With respect to the surfactants according to an embodiment of the invention, although it is well-known that polyunsaturated fats react corrosively with rust and iron metal, by modifying the polyunsaturated fats as described above, the corrosion effect is reduced remarkably without limiting the reactivity with the oxides of ion.
The surfactant possesses the following properties: (a) Miscibility with water and wetting capacity in oily and dirty conditions. (b) Reactivity with metal oxides rendering them either directly soluble in water or making them much more reactive with the amine citrate components of the solution.
(c) Improving the cleanliness of the cleaned metal surface.
(d) Inhibition of corrosivity to the parent metal cleaned surfaces.
(e) Acts synergistically with a working solution based on the 3.1% ammoniated concentrated citric acid solution to improve low ambient temperature reactivity.
(f) Greatly improves the penetrating capacity of the solution as a whole.
(g) Has a citrate sparing effect reducing the rate of exhaustion of the working solution and extending the
working life of any given solution. This significantly improves the economics by extending the capacity of the most expensive component of the solution namely citric acid. (h) Surfactant is workplace safe in keeping with the other components of the working solution, with a very low order of toxicity. (i) Complete biodegradability.

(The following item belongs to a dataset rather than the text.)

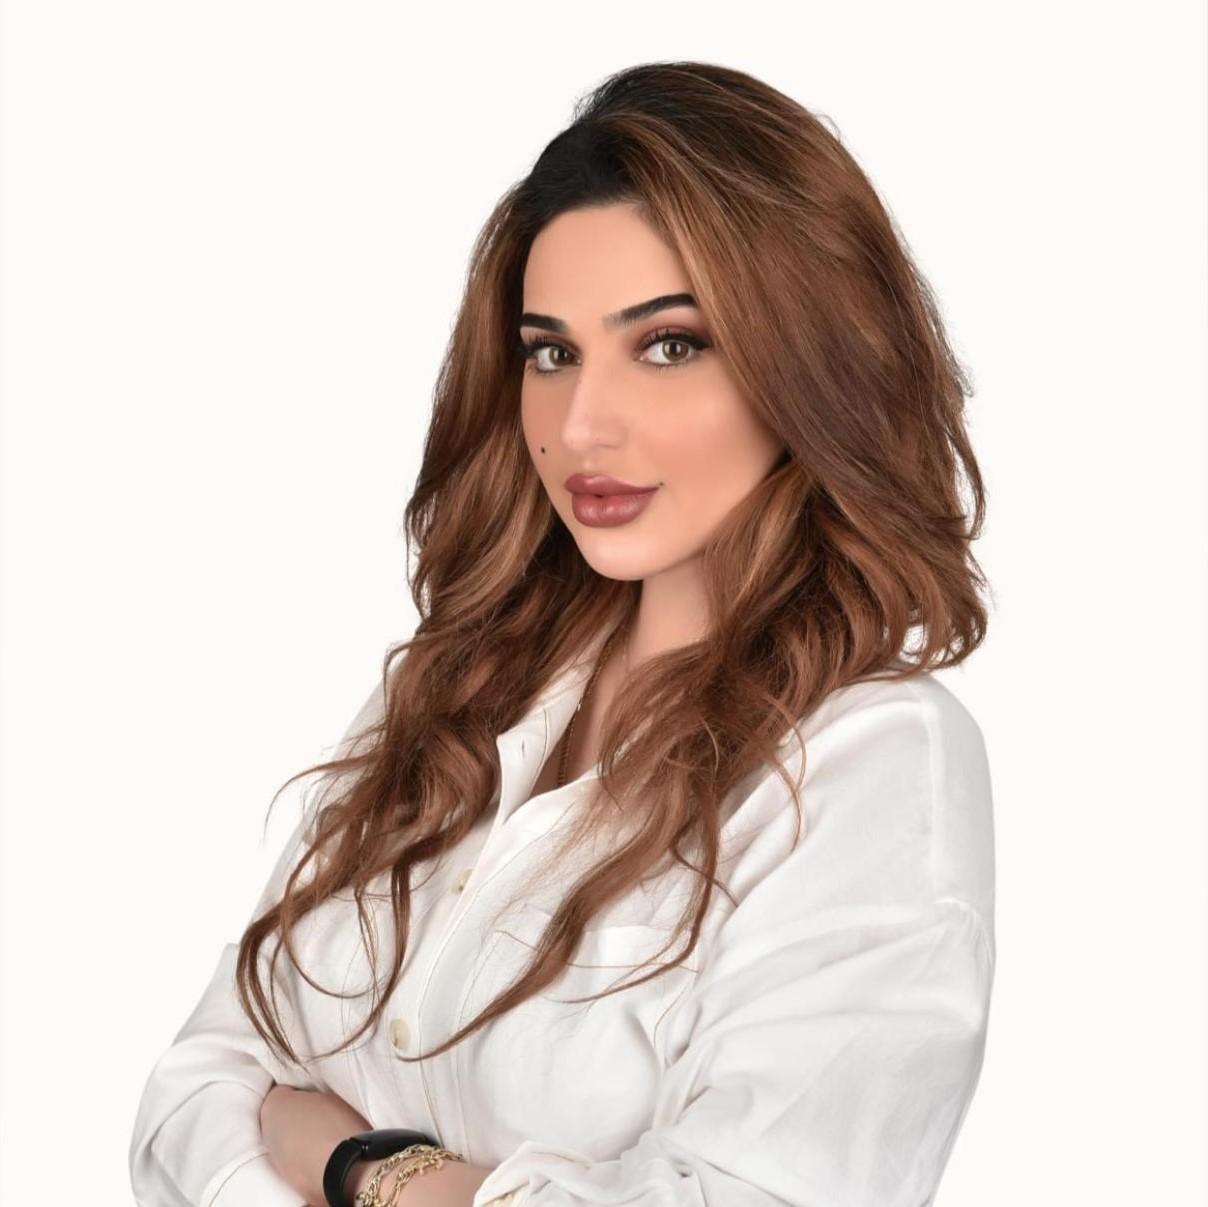 Fatima Al-Ali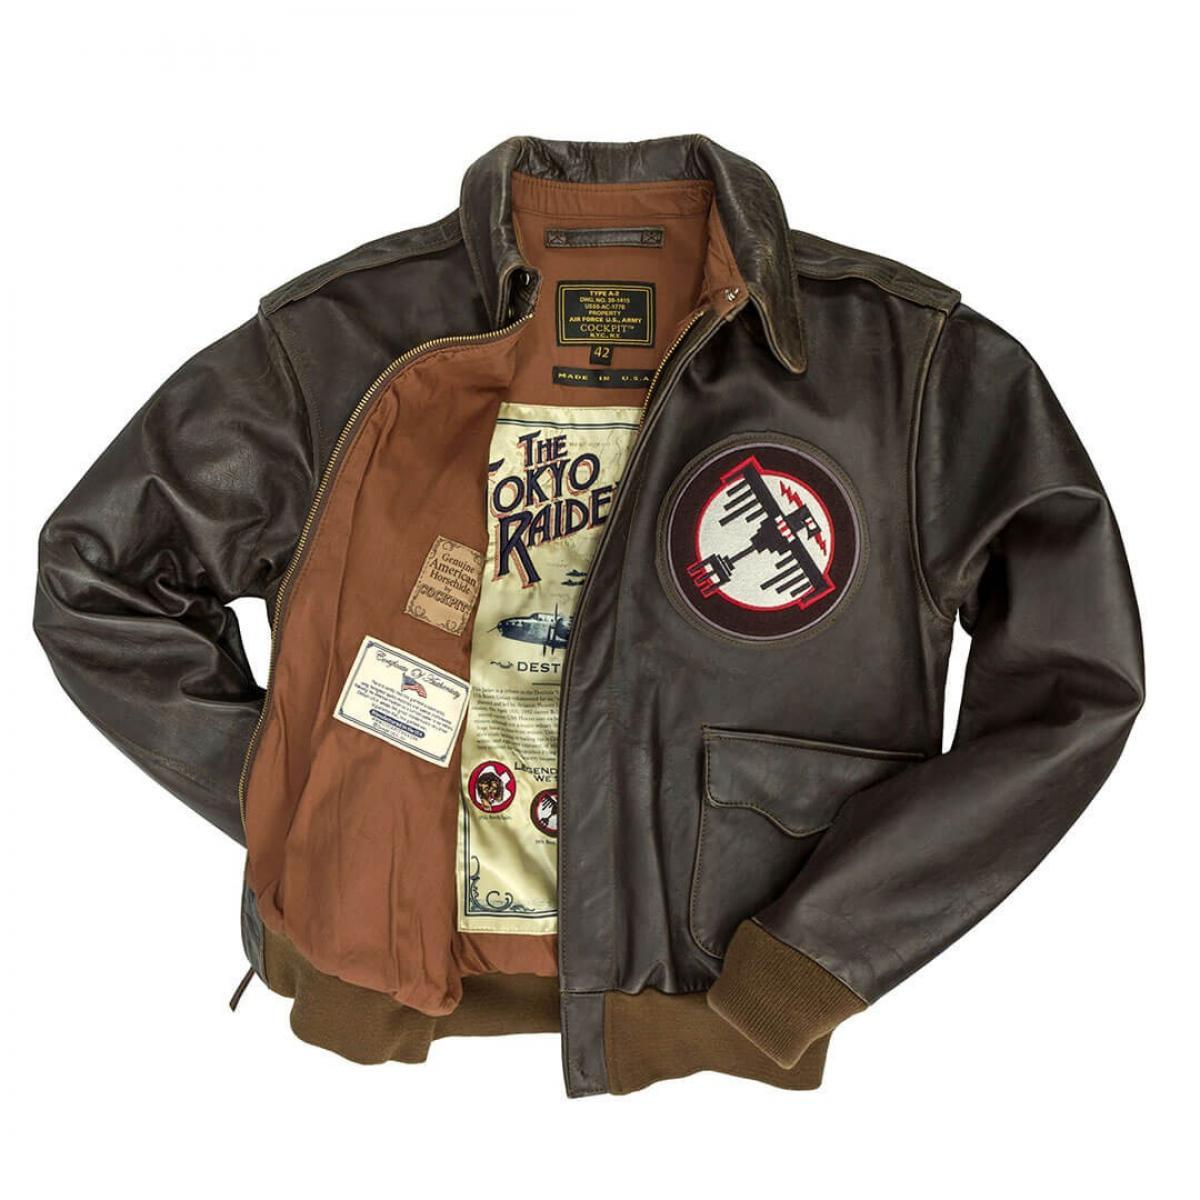 materiales de alta calidad los más valorados diseño atemporal Chaqueta Aviador. Tokyo Raiders A-2 Jacket

(j) Reduces flash rusting on removal from the solution by providing a degree of passivation of the cleaned metal surfaces, (k) Ambient temperature operation saving in time and energy. (I) Single step cleaning procedure eliminating the traditional multi-stage cleaning operations again saving energy and time. It should be appreciated that various other changes and modifications can be made to the embodiment described without departing from the spirit and scope of the invention.